Alam Nirvana dapat meningkatkan tingkatan Harta Karun Roh Kehidupannya. Dia penasaran ingin melihat apakah ketujuh Harta Karun Roh Kehidupannya akan mengalami transformasi.
Pada musim gugur tahun itu, puncak-puncak di sekitar Rawa Surga Pedang diselimuti kesunyian, menciptakan suasana yang unik.
Daun-daun berguguran dengan lebat, berhamburan di permukaan danau, menyerupai peri-peri kecil yang menari di antara kabut Ling Wu.
Fang Wang perlahan membuka matanya, pandangannya tertuju ke puncak gunung di seberang.
Dia agak bingung.
Mengapa semua orang yang datang mencari masalah lebih suka memandanginya dari puncak gunung di seberang sana?

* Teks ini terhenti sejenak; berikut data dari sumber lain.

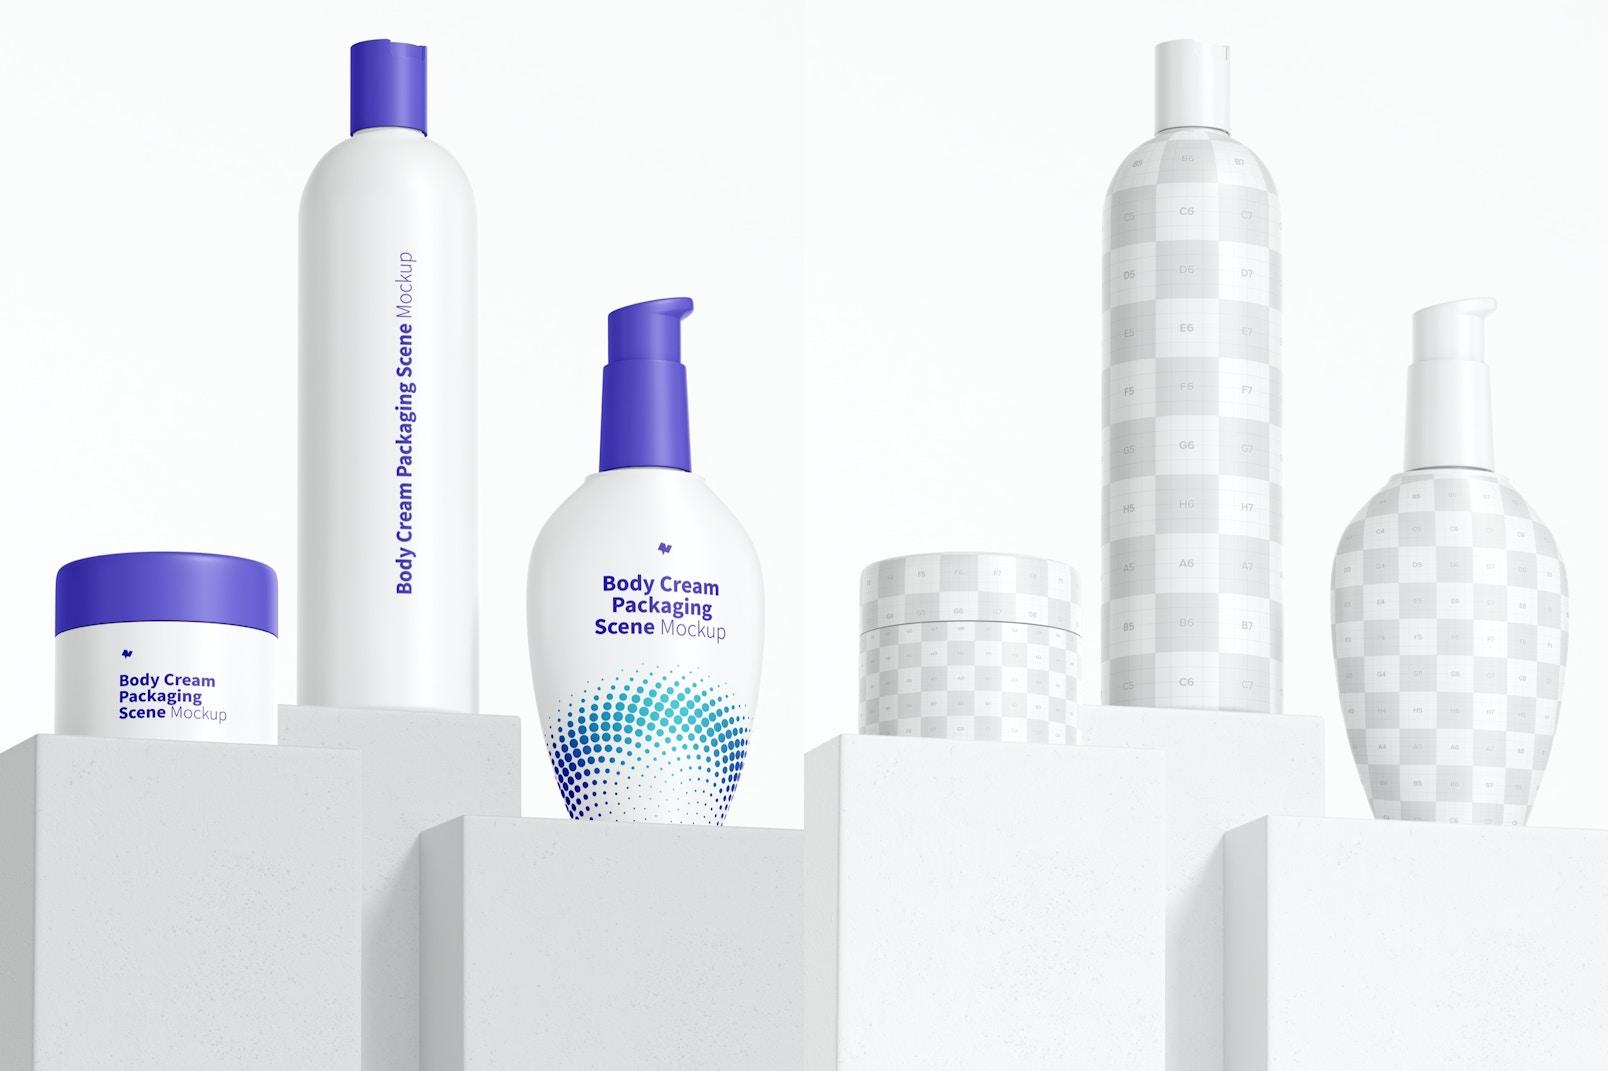 Body Cream Packaging Scenes Mockup

“Karena Anda sudah di sini, maukah Anda memperkenalkan diri?”
Fang Wang berbicara dengan nada tenang.
Orang asing itu telah berada di sana selama setengah batang dupa, berusaha keras untuk menekan auranya, tetapi dia tidak bisa lolos dari persepsi Fang Wang.
Karena Tiga Dewa Laut Kaisar tidak berada di Rawa Surga Pedang, melainkan sedang berlatih di laut, selain Fang Wang, tidak ada orang lain yang menyadari kedatangan orang ini.
“Aku berasal dari Laut Surgawi Selatan, namaku Chen Shang. Mendengar bahwa Tian Dao telah membunuh Kultivator Agung Alam Nirvana dan mengalahkan Maha Suci Seribu Mata yang telah bermanifestasi, aku datang untuk mencari bimbingan,” sebuah suara dingin bergema di Rawa Surga Pedang, mendorong semua kultivator untuk membuka mata mereka dan melihat ke arah itu.
Dugu Wenhun muncul entah dari mana di belakang Fang Wang, menatap sosok di puncak gunung yang jauh, dan berkata, “Chen Shang, kau pikir kau pantas menantang Tian Dao? Aku sarankan kau segera pergi. Menantang Tian Dao sama saja dengan mencari kematian.”
Chen Shang, salah satu dari Empat Pahlawan Surgawi Selatan!
Terlahir di Alam Pemahat Jiwa, ia memelihara Harta Roh Yuan Surga, tetapi selama masa kecilnya, harta itu diambil darinya, dan ia membuat kembali Harta Roh Yuan Surga di Alam Elixir Roh.
Chen Shang adalah yang paling unik di antara Empat Pahlawan Surgawi Selatan, dengan kehidupan yang penuh dengan pertempuran, kemenangan, dan kekalahan. Sementara yang lain menjadi lebih kuat melalui kultivasi, dia menjadi lebih kuat melalui pertempuran.